* _Work instructions_
Extract each line from the entries below that has the string "цвет" in it.

*** Supplied records ***

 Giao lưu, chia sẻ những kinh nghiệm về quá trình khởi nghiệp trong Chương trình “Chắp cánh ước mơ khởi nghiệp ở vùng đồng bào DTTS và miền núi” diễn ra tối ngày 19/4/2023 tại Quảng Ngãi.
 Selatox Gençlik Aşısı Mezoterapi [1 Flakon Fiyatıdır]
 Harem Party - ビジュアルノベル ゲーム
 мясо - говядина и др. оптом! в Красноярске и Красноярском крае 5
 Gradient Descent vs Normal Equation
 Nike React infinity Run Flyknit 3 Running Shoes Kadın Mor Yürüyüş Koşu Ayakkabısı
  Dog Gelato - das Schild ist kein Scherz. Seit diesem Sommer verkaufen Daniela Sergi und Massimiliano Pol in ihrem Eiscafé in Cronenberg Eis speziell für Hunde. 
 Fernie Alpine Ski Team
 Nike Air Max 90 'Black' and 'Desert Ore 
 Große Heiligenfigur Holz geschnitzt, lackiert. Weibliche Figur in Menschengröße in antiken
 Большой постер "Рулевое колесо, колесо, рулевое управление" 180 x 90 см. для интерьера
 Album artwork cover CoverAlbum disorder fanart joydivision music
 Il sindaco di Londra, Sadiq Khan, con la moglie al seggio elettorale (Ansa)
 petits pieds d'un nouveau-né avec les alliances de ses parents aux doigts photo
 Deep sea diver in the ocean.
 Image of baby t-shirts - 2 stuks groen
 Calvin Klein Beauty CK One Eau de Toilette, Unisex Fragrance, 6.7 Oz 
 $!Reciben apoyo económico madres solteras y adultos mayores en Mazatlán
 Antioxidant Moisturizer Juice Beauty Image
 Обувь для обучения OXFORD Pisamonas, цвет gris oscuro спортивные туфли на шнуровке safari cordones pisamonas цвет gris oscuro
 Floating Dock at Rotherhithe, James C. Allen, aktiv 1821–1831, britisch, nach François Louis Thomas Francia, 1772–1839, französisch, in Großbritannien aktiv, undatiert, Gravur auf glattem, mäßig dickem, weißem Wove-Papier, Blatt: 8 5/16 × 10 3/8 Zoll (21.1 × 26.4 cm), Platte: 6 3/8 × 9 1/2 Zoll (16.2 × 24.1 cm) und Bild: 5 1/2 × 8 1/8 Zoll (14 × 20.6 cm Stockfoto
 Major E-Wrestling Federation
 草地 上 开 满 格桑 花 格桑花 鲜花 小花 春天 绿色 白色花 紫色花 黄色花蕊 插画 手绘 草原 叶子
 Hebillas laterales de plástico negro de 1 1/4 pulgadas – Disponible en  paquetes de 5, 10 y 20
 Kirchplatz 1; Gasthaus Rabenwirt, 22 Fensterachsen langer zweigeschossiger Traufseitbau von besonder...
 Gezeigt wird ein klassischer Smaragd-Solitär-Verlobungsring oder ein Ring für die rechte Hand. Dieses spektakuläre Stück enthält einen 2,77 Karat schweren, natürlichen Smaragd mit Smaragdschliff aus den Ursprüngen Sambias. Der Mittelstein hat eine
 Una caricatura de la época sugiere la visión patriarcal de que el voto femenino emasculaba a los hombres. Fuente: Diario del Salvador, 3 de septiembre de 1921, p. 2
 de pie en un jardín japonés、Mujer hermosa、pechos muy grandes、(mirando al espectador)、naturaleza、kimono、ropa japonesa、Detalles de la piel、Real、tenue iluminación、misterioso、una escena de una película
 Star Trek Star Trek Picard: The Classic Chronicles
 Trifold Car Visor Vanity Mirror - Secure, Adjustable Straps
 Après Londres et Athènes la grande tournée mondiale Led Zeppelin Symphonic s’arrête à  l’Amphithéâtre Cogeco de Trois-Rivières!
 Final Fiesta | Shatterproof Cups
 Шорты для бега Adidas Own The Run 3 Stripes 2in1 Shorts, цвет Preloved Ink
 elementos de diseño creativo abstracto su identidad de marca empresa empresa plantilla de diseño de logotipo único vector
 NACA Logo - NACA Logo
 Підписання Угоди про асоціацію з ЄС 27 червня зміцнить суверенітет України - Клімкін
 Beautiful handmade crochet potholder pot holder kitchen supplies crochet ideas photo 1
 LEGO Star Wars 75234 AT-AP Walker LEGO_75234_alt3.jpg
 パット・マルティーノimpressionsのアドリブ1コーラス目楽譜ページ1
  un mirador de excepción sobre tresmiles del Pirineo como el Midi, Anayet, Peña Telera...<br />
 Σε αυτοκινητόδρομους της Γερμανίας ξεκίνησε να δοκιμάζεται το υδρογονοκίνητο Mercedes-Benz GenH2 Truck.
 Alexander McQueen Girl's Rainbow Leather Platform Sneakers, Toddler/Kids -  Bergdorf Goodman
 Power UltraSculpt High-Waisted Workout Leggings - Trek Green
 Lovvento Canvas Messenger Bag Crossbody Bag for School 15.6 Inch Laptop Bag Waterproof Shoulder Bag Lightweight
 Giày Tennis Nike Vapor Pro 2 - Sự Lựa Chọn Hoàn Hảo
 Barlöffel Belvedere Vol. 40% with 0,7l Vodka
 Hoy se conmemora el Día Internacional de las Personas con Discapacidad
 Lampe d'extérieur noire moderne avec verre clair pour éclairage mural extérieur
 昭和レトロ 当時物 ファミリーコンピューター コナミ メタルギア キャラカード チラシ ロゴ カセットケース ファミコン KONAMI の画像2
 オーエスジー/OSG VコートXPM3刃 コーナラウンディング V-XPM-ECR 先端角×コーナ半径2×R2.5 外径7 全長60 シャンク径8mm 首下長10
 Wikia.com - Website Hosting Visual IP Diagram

*** End of Supplied records ***

* _Response to this exercise_
 Обувь для обучения OXFORD Pisamonas, цвет gris oscuro спортивные туфли на шнуровке safari cordones pisamonas цвет gris oscuro
 Шорты для бега Adidas Own The Run 3 Stripes 2in1 Shorts, цвет Preloved Ink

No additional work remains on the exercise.